== MATERIAL FOR THIS TASK ==
——

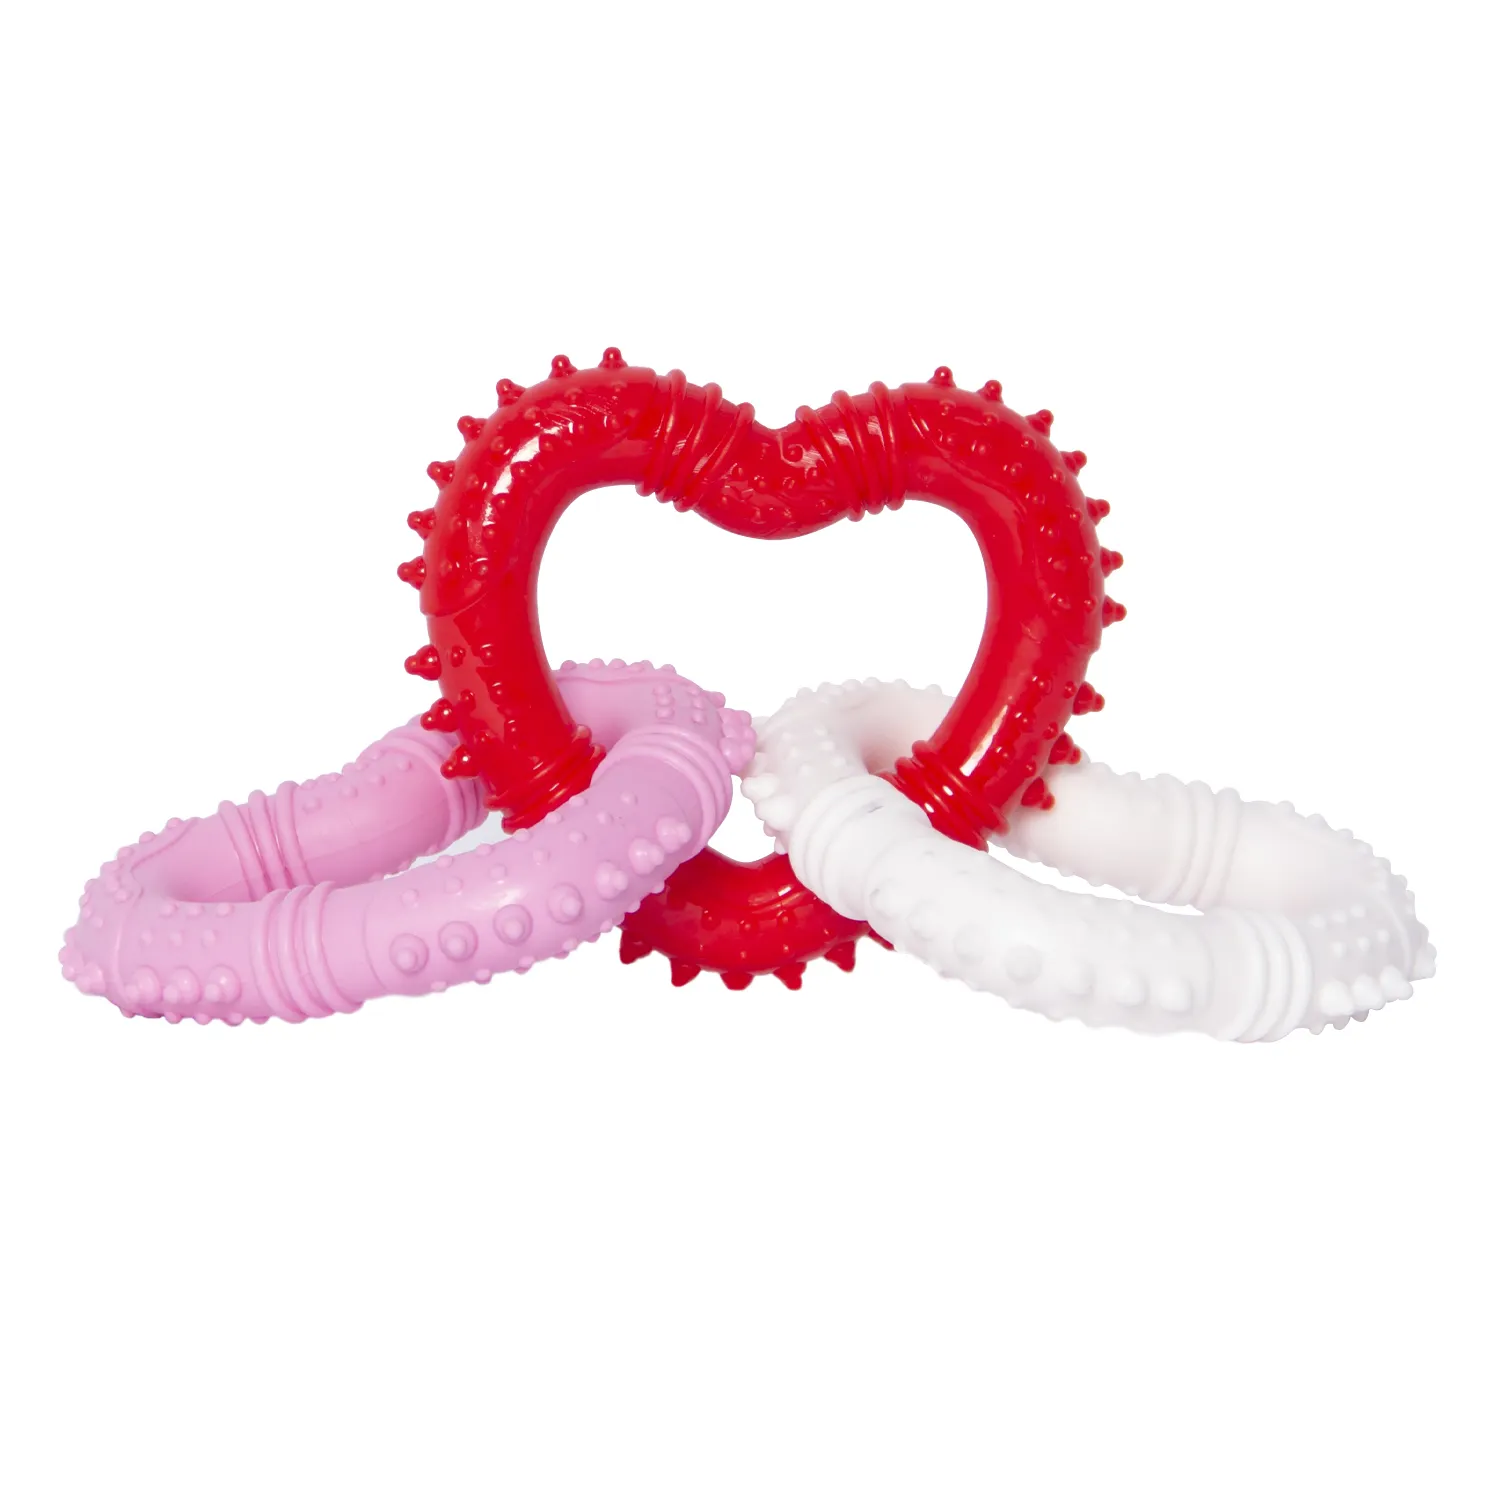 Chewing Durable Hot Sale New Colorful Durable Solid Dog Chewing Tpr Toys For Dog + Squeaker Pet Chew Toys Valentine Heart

——

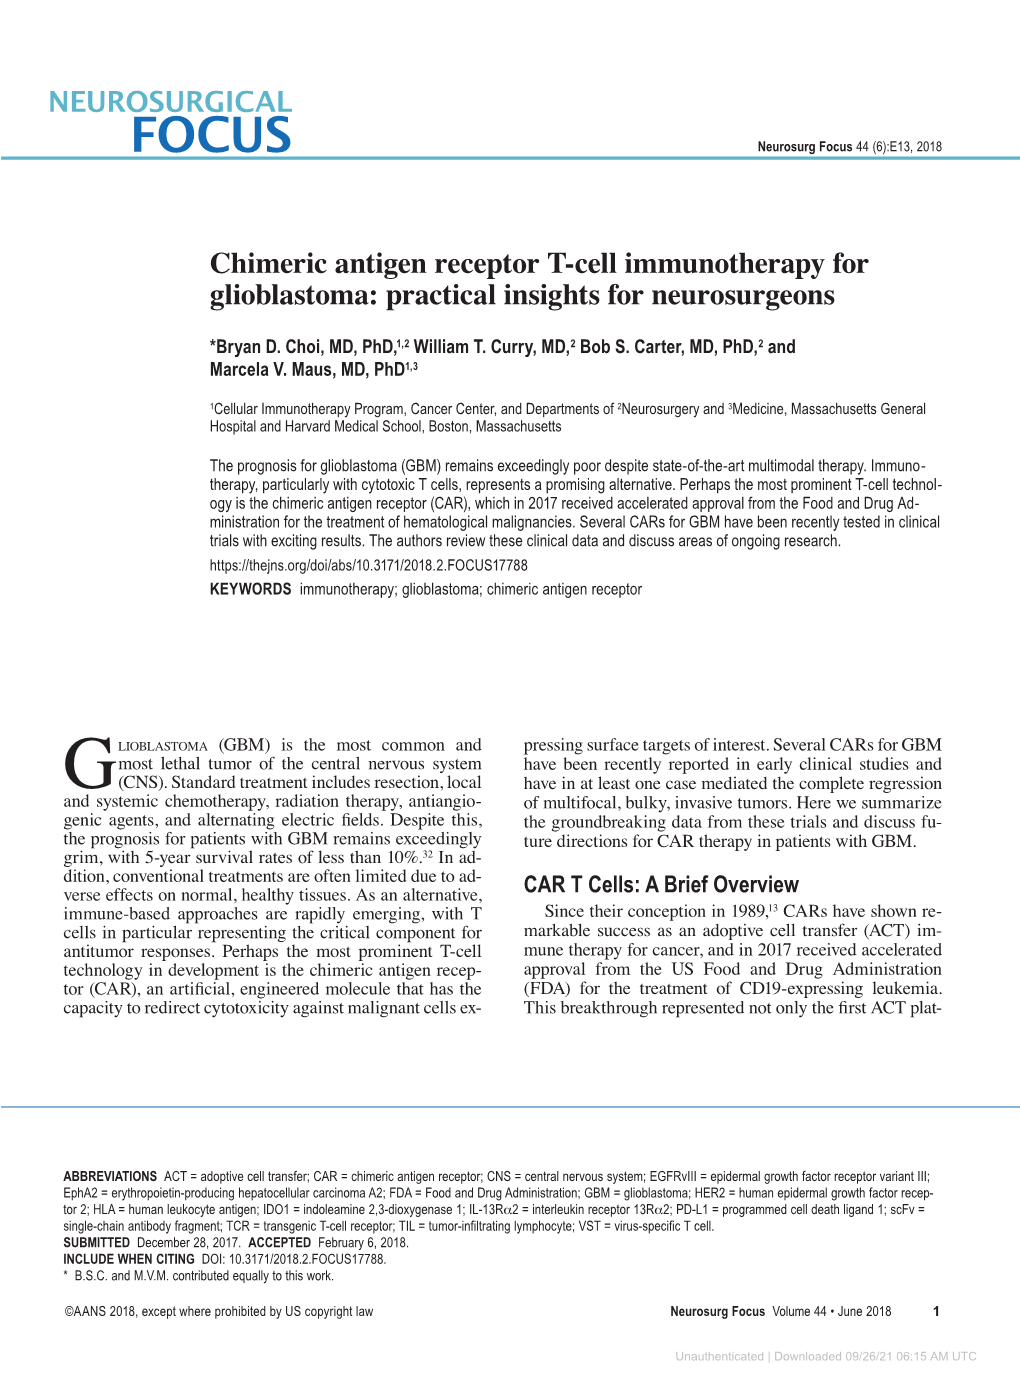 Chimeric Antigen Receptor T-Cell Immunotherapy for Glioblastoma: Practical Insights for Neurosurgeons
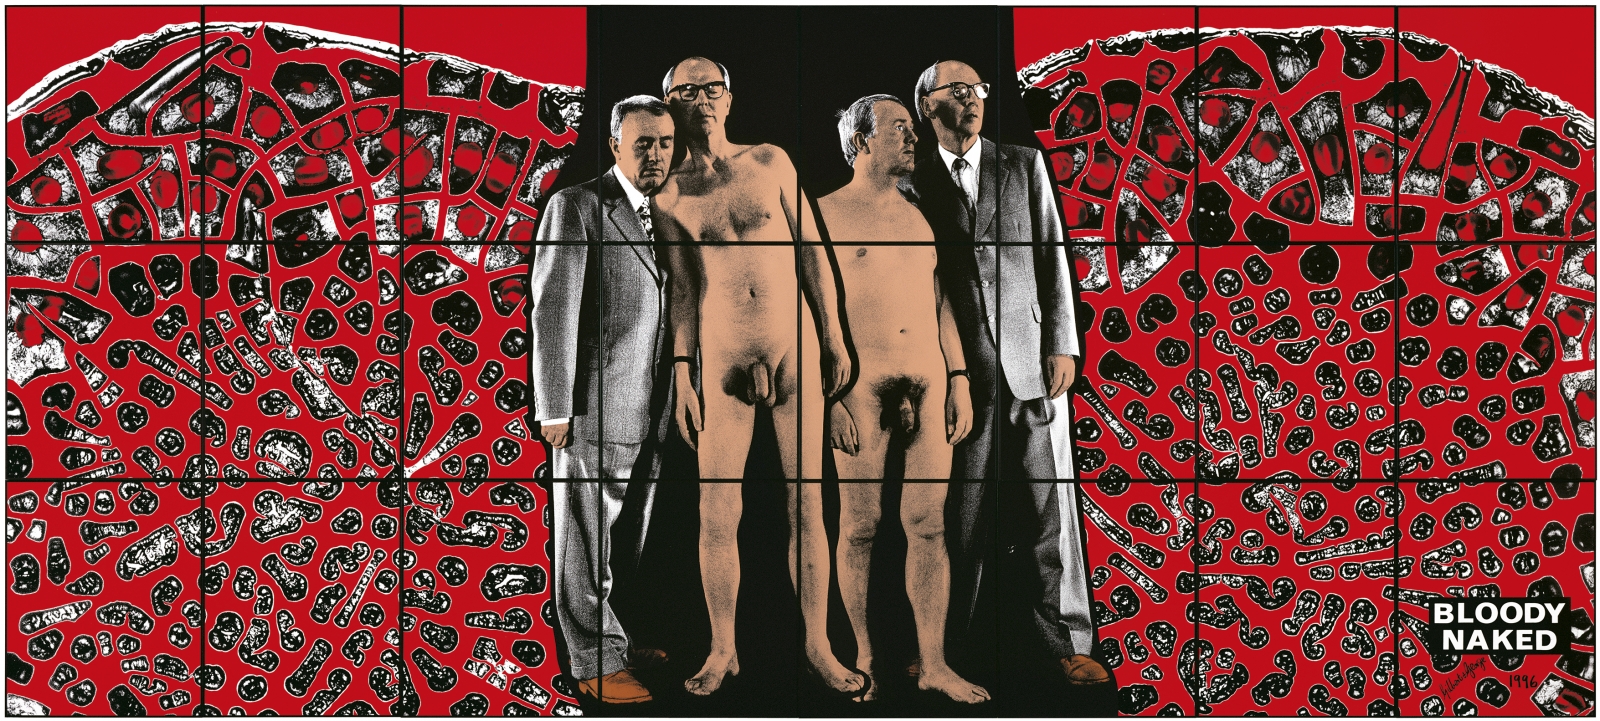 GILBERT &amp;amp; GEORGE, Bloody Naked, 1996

——

== TASK TO COMPLETE ==
Take the material above from the line bearing "Chimeric Antigen Receptor" through the line bearing "GILBERT &amp;amp; GEORGE, Bloody Naked, 1996" and write it out exactly, both end lines included. Pictures stay out.

== RESPONSE FOR THIS EXERCISE ==
 Chimeric Antigen Receptor T-Cell Immunotherapy for Glioblastoma: Practical Insights for Neurosurgeons
 GILBERT &amp;amp; GEORGE, Bloody Naked, 1996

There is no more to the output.